Here’s the relevant statutory language from 42 U.S.C. § 7543(b) (Section 209(b) of the Clean Air Act):

(b) Waiver

The Administrator shall, after notice and opportunity for public hearing, waive application of this section to any State which has adopted standards (other than crankcase emission standards) for the control of emissions from new motor vehicles or new motor vehicle engines prior to March 30, 1966, if the State determines that such standards will be, in the aggregate, at least as protective of public health and welfare as applicable Federal standards.

This section applies exclusively to California, as it was the only state with pre-existing emissions standards before 1966. Other states, under Section 177 of the CAA, may choose to adopt California’s stricter standards but may not create their own independent regulations.

Without an EPA waiver, California cannot legally enforce its stricter emissions standards.

Other states cannot set their own emissions rules independently—they can only follow either federal standards or California’s if a waiver is granted.

Waivers have been denied before (e.g., under the Bush administration in 2008), illustrating that this is not an automatic right but a federally controlled approval process.

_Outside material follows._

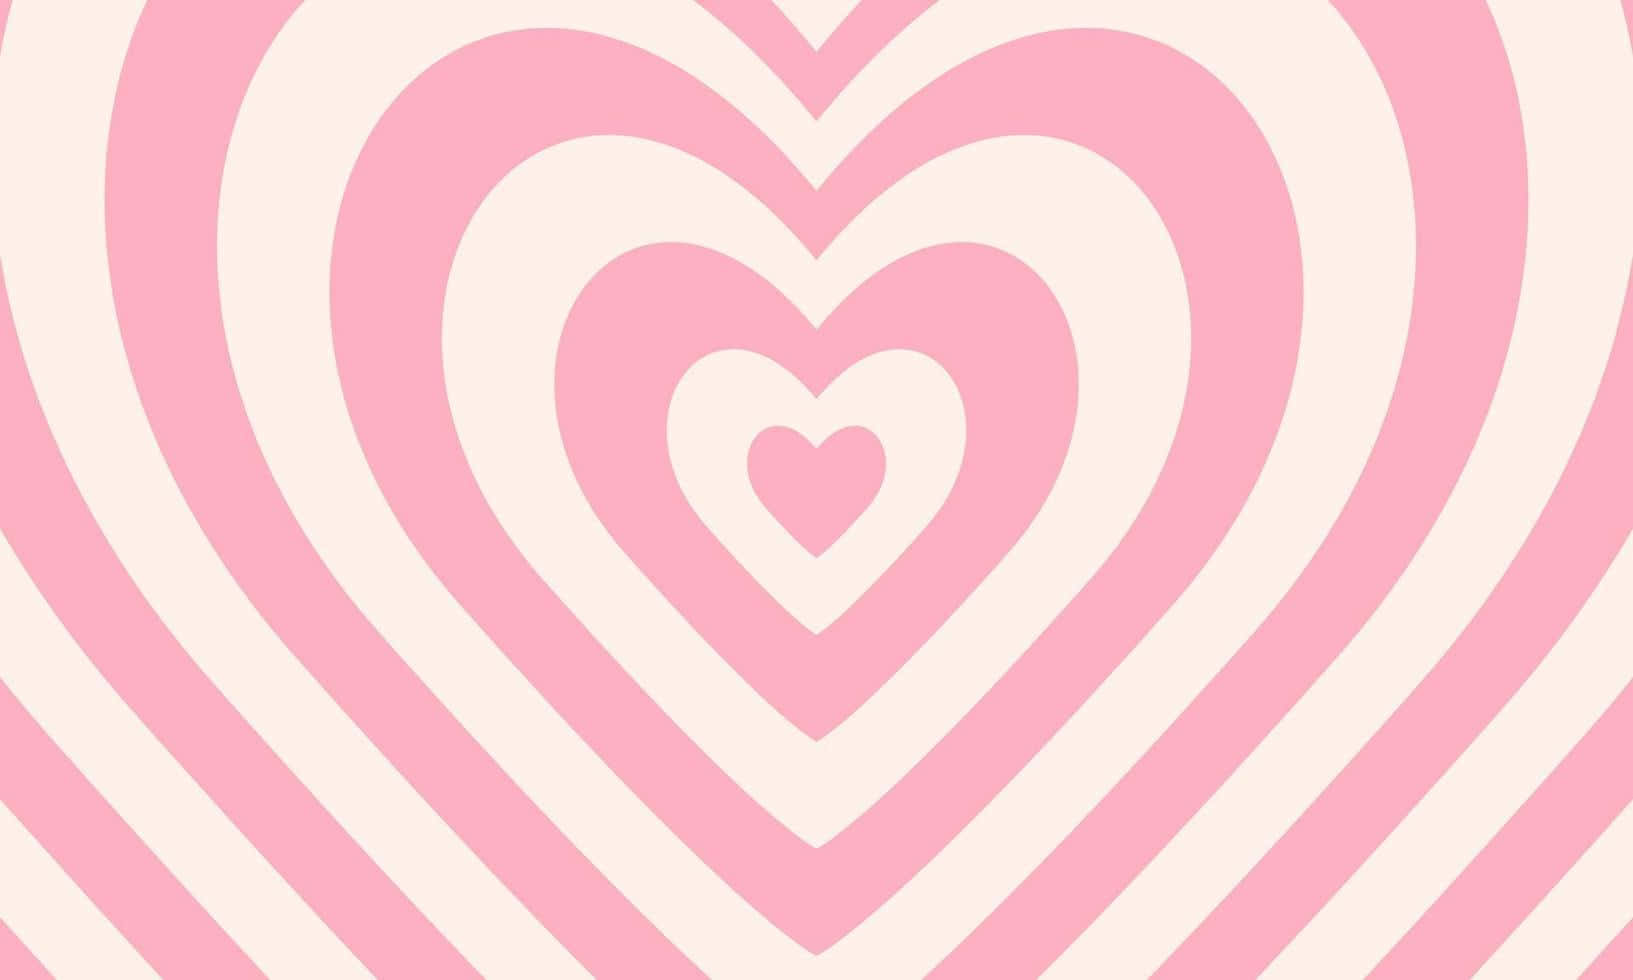 A Pink And White Striped Background With Hearts
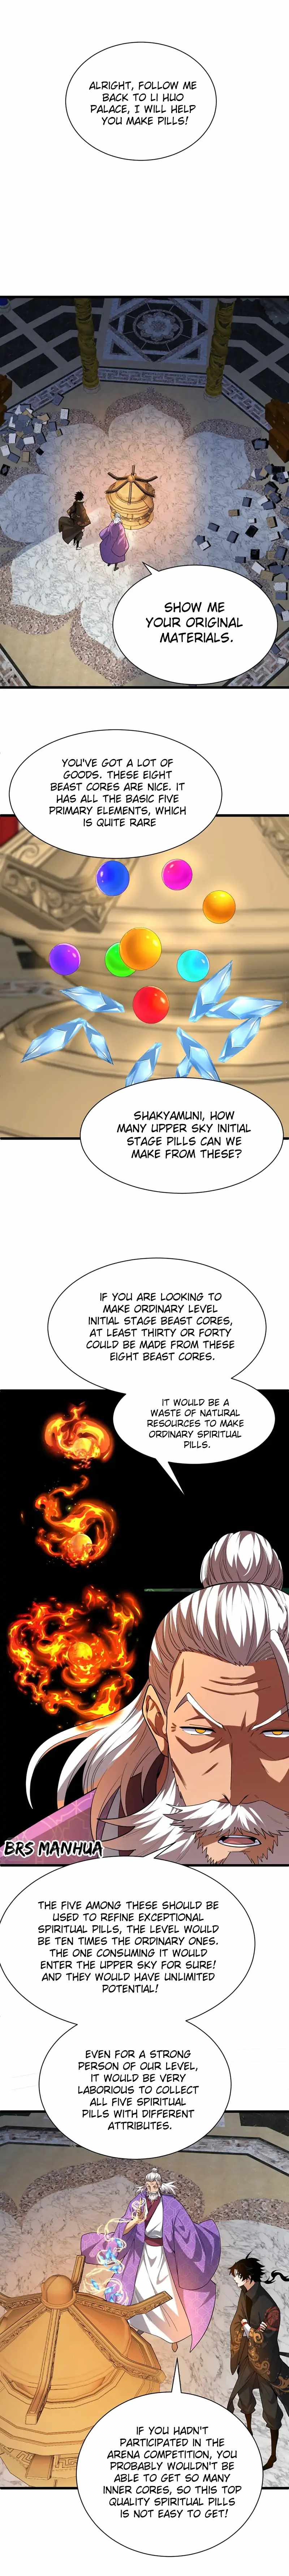 Fighting Again For A Lifetime (Return of the Youngest Grandmaster) Chapter 53-eng-li - Page 14

Thus, it is not a mischaracterization to say that federal regulators have the power to block state-level emissions standards. California's ability to enforce stronger rules is contingent on receiving EPA approval, making it a privilege granted by federal authorities, not an inherent state right.

If your reading contradicts this, I’d be happy to review the specific legal text you’re referring to—but the statutory requirement for a waiver is well established in both law and precedent.